Jäntschi Lorentz, Bálint Donatella, Bolboacă Sorana D
Department of Physics and Chemistry, Faculty of Materials and Environmental Engineering, Technical University of Cluj-Napoca, Muncii Boulevard No. 103-105, 400641 Cluj-Napoca, Romania; Doctoral School of Chemistry, Institute for Doctoral Studies, Babeş-Bolyai University, Kogălniceanu Street No. 1, 400084 Cluj-Napoca, Romania; Department of Chemistry, Faculty of Science, University of Oradea, Universităţii Street No. 1, 410087 Oradea, Romania.
Doctoral School of Chemistry, Institute for Doctoral Studies, Babeş-Bolyai University, Kogălniceanu Street No. 1, 400084 Cluj-Napoca, Romania.
Comput Math Methods Med. 2016;2016:8578156. doi: 10.1155/2016/8578156. Epub 2016 Dec 7.

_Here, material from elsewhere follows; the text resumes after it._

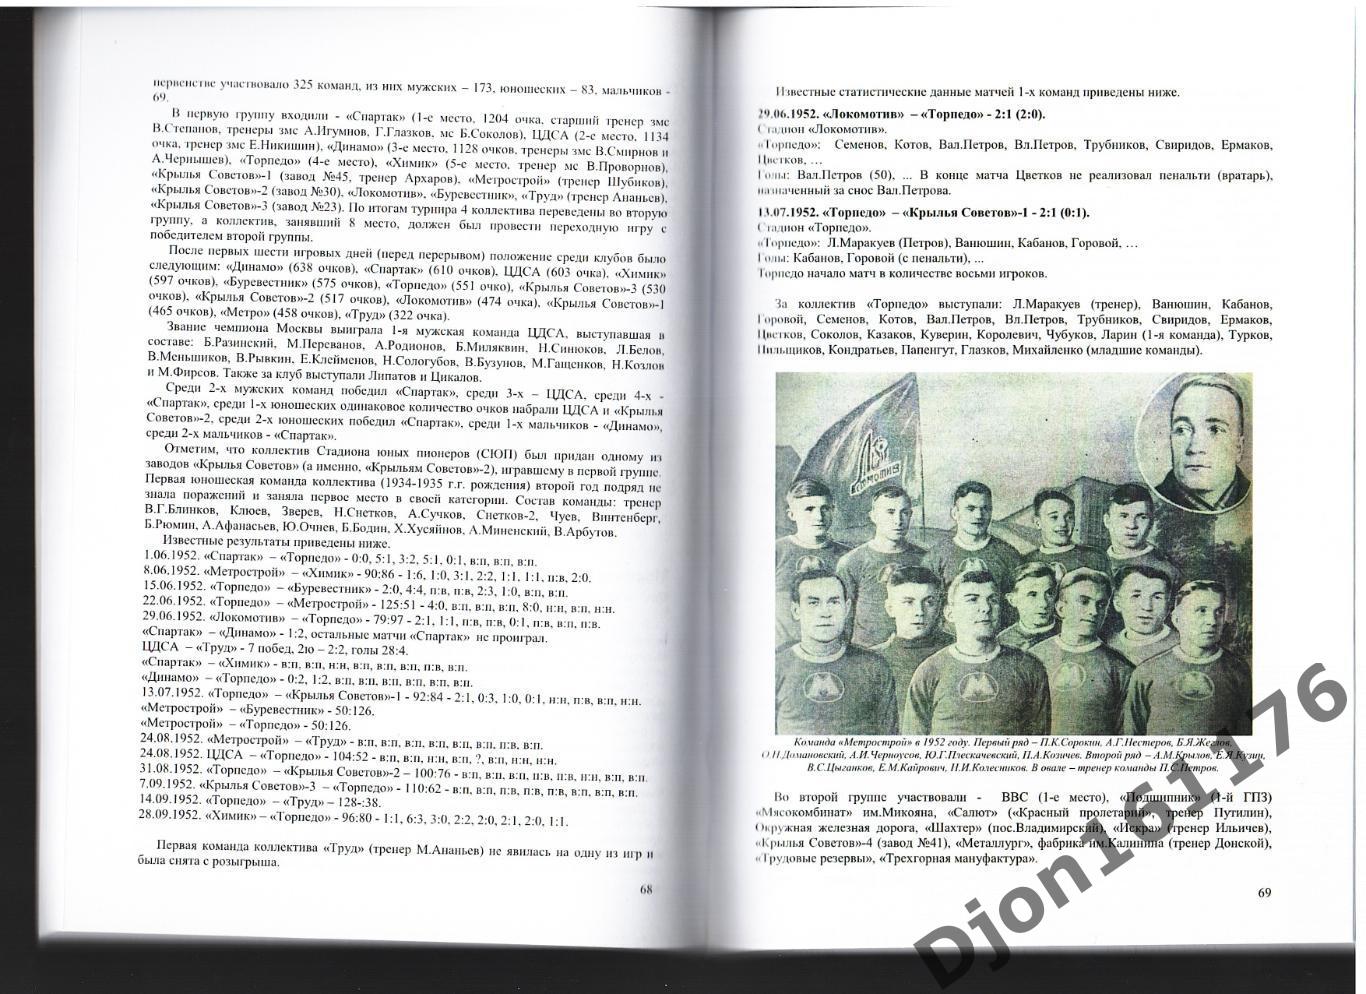 Г.Н.Калянов. «Московский календарь 1946-1959 гг.». 1

Multiple linear regression analysis is widely used to link an outcome with predictors for better understanding of the behaviour of the outcome of interest. Usually, under the assumption that the errors follow a normal distribution, the coefficients of the model are estimated by minimizing the sum of squared deviations. A new approach based on maximum likelihood estimation is proposed for finding the coefficients on linear models with two predictors without any constrictive assumptions on the distribution of the errors. The algorithm was developed, implemented, and tested as proof-of-concept using fourteen sets of compounds by investigating the link between activity/property (as outcome) and structural feature information incorporated by molecular descriptors (as predictors). The results on real data demonstrated that in all investigated cases the power of the error is significantly different by the convenient value of two when the Gauss-Laplace distribution was used to relax the constrictive assumption of the normal distribution of the error. Therefore, the Gauss-Laplace distribution of the error could not be rejected while the hypothesis that the power of the error from Gauss-Laplace distribution is normal distributed also failed to be rejected.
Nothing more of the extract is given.